Over the past decade, traditional methods for acquiring surgical acumen have been challenged at multiple levels. Environmental changes involving fewer ‘hands on’ training hours and increased trainees within the workforce, combined with the development of novel nonsurgical therapies, have all seen our exposure to surgery throughout the training years, and beyond, decrease.
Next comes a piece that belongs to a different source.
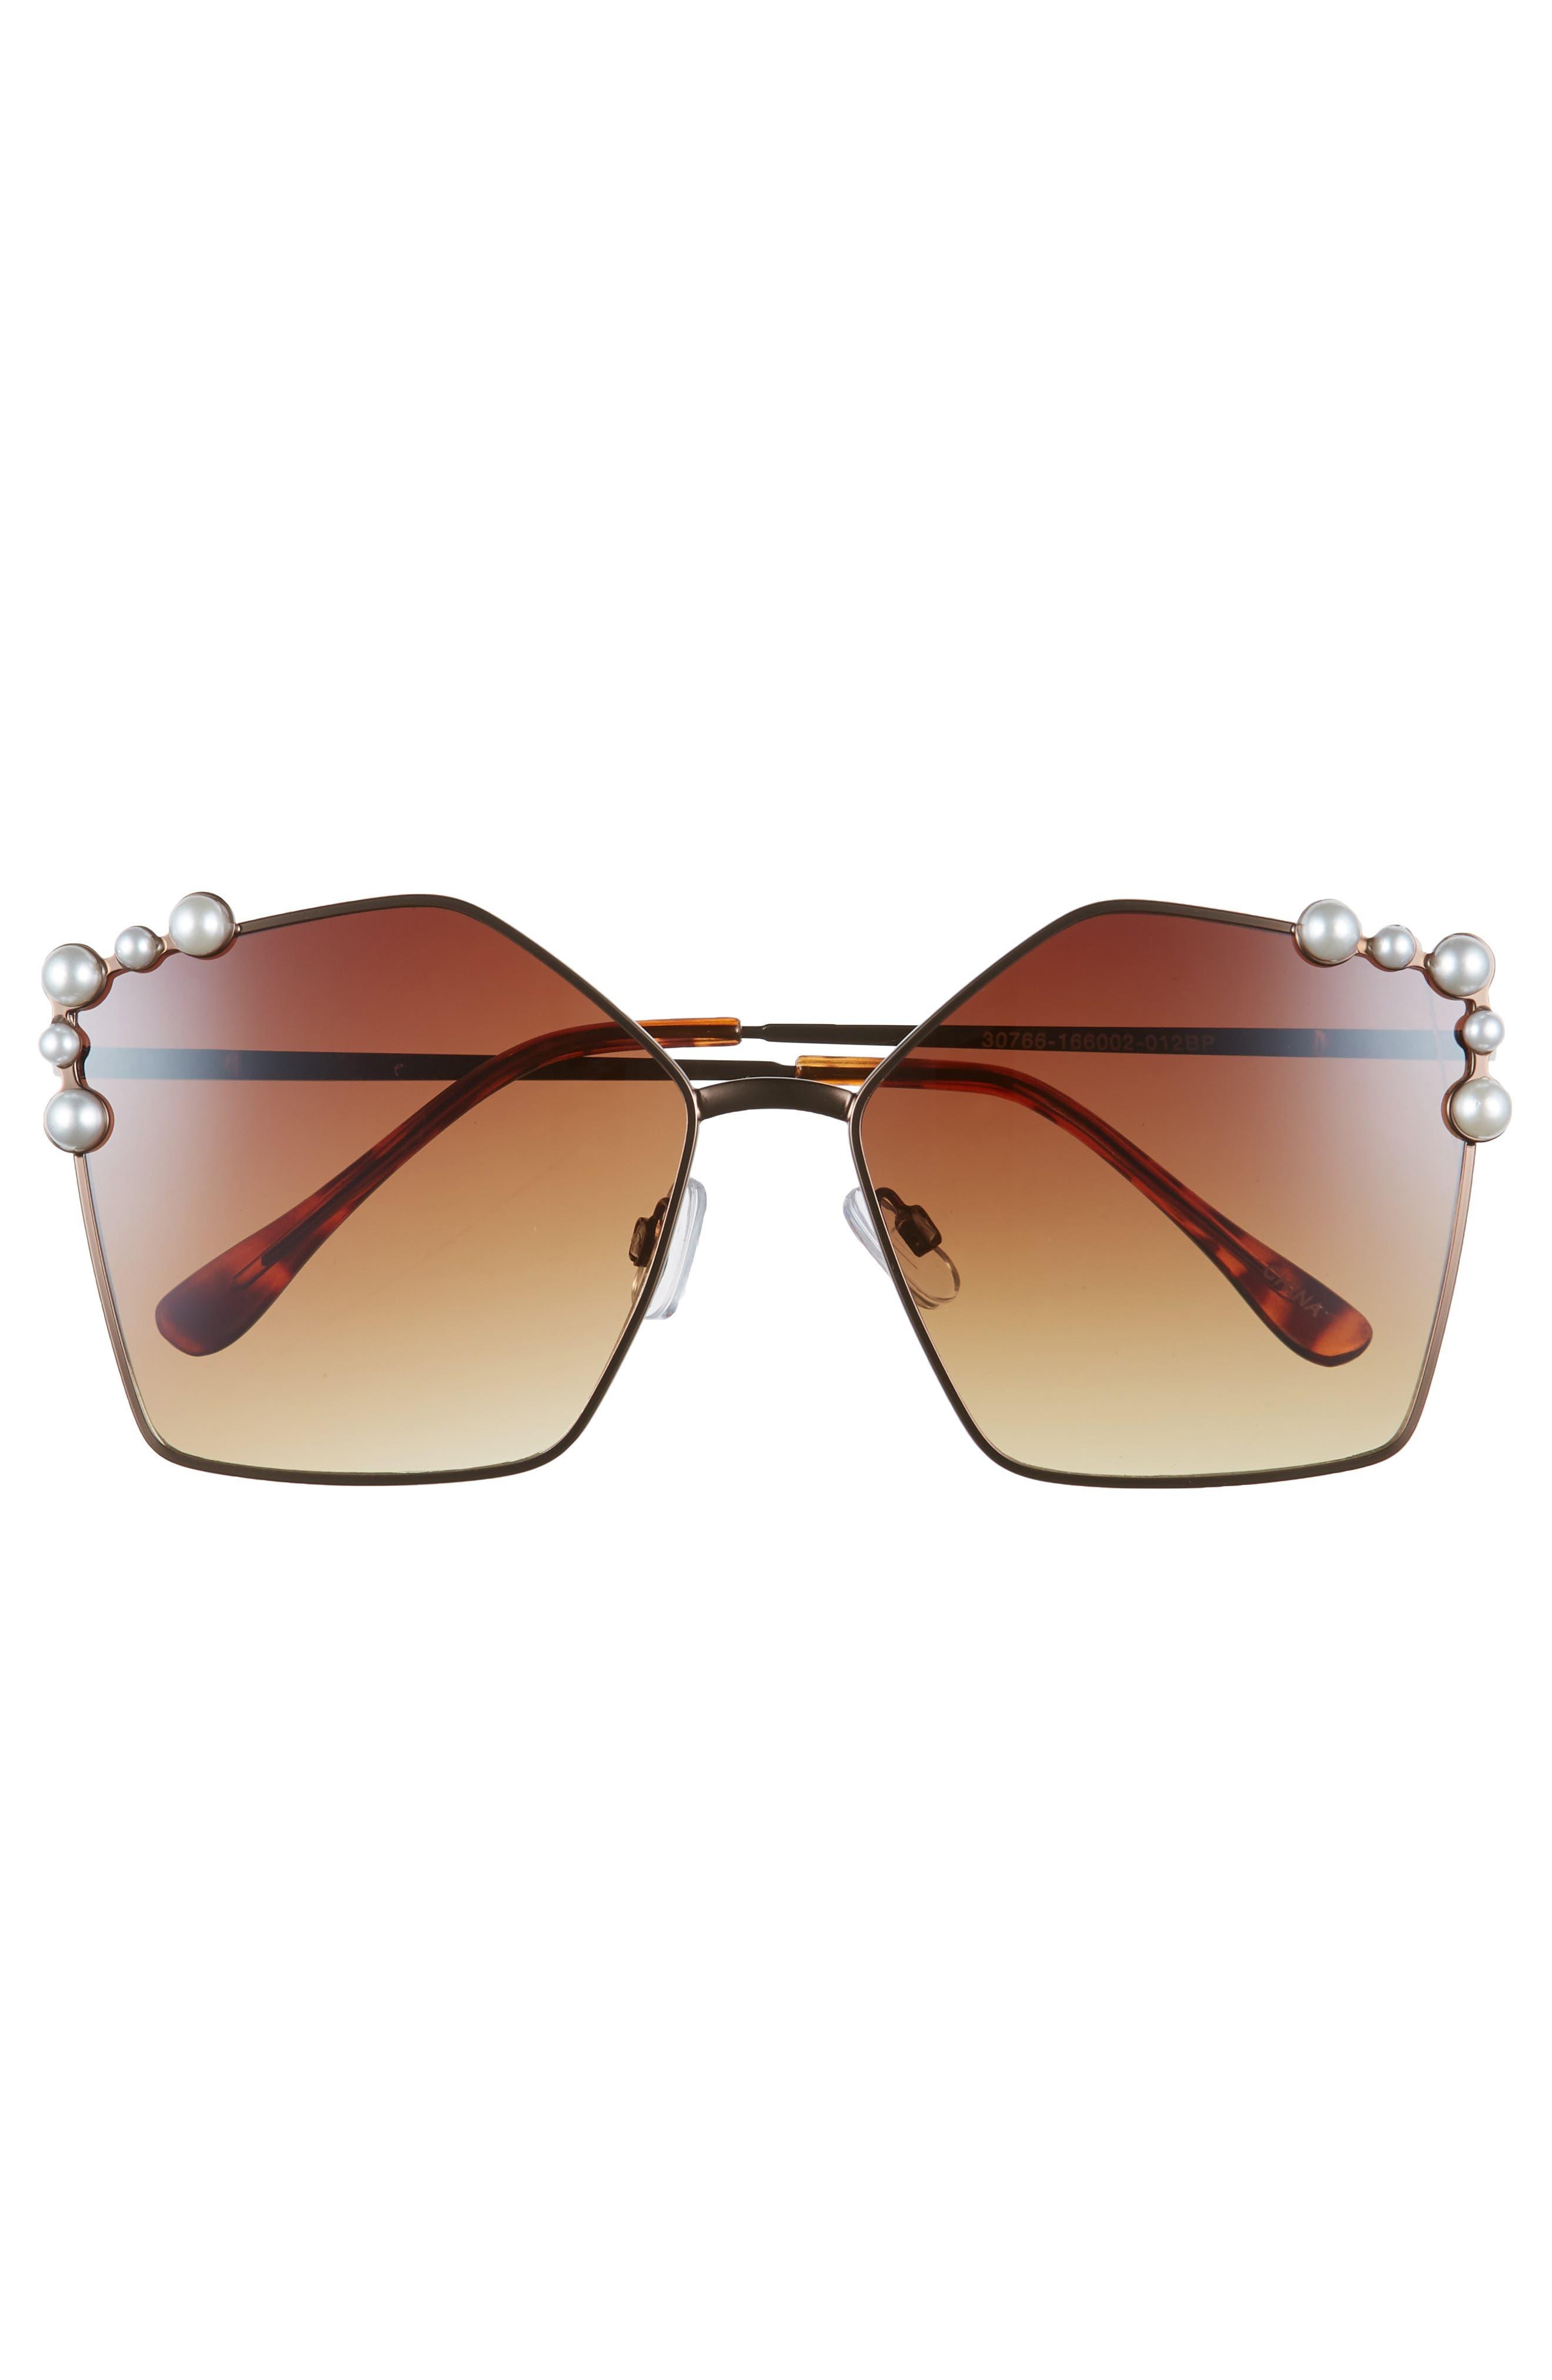 60mm Imitation Pearl Geometric Sunglasses,                             Alternate thumbnail 3, color,                             Brown/ Brown

The historic cornerstone of surgical training, ‘see one, do one, teach one’, is no longer an appropriate model in an environment where ‘hands on’ time is at a premium. Furthermore, it is well established that laparoscopy is associated with a prolonged learning curve where the technical skills required are fundamentally different from open surgery. With minimal-access techniques now becoming the gold standard in many major gynaecological procedures, surgical simulation opportunities are fast becoming a training necessity.

Simulation is defined as ‘an educational technique to replace or amplify real experiences with guided experiences, often immersive in nature, that evoke or replicate substantial aspects of the real world in a fully interactive manner’.¹ It allows a safe and standardised method of surgical training in a calm, well-controlled environment where the patient is no longer the training commodity. One can acquire and consolidate these basic fine motor skills prior to that first step into the operating theatre.

Simulation recognises and addresses that errors are an integral part of human behaviour, performance and development, and indeed surgical learning curves are a very real and sometimes dangerous thing. It goes some way to try and facilitate that initial surgical training experience without unduly exposing patients to the underlying inherent risk.

With the explosion of simulation training across the world, research into its value and validity continues to be produced. A Cochrane review published in 2013 by Nagendran et al² summarised the evidence from eight trials looking at the benefits of surgical simulation training in a group of trainees with limited laparoscopic experience. The results showed that when compared to no supplementary training, virtual reality training conferred a higher level of technical accuracy, a reduction in errors, a reduction in the time taken to perform a task, and overall a higher composite operative performance score.

Aggarwal et al³ undertook a study looking at the learning curve for laparoscopic salpingectomy for the management of ectopic pregnancy using virtual reality simulators. They split participants based on prior laparoscopic experience at entry into novice (<10 laparoscopies), intermediate (20–50 laparoscopies) and advanced  (>100 laparoscopies), and had them complete a series of ectopic pregnancy simulations over 10 sessions. They showed that while the novice and intermediate group had a steeper and longer learning curve in regards to performance status and time taken to complete the procedure, by the end of the tenth training session, the groups all reached a similar level.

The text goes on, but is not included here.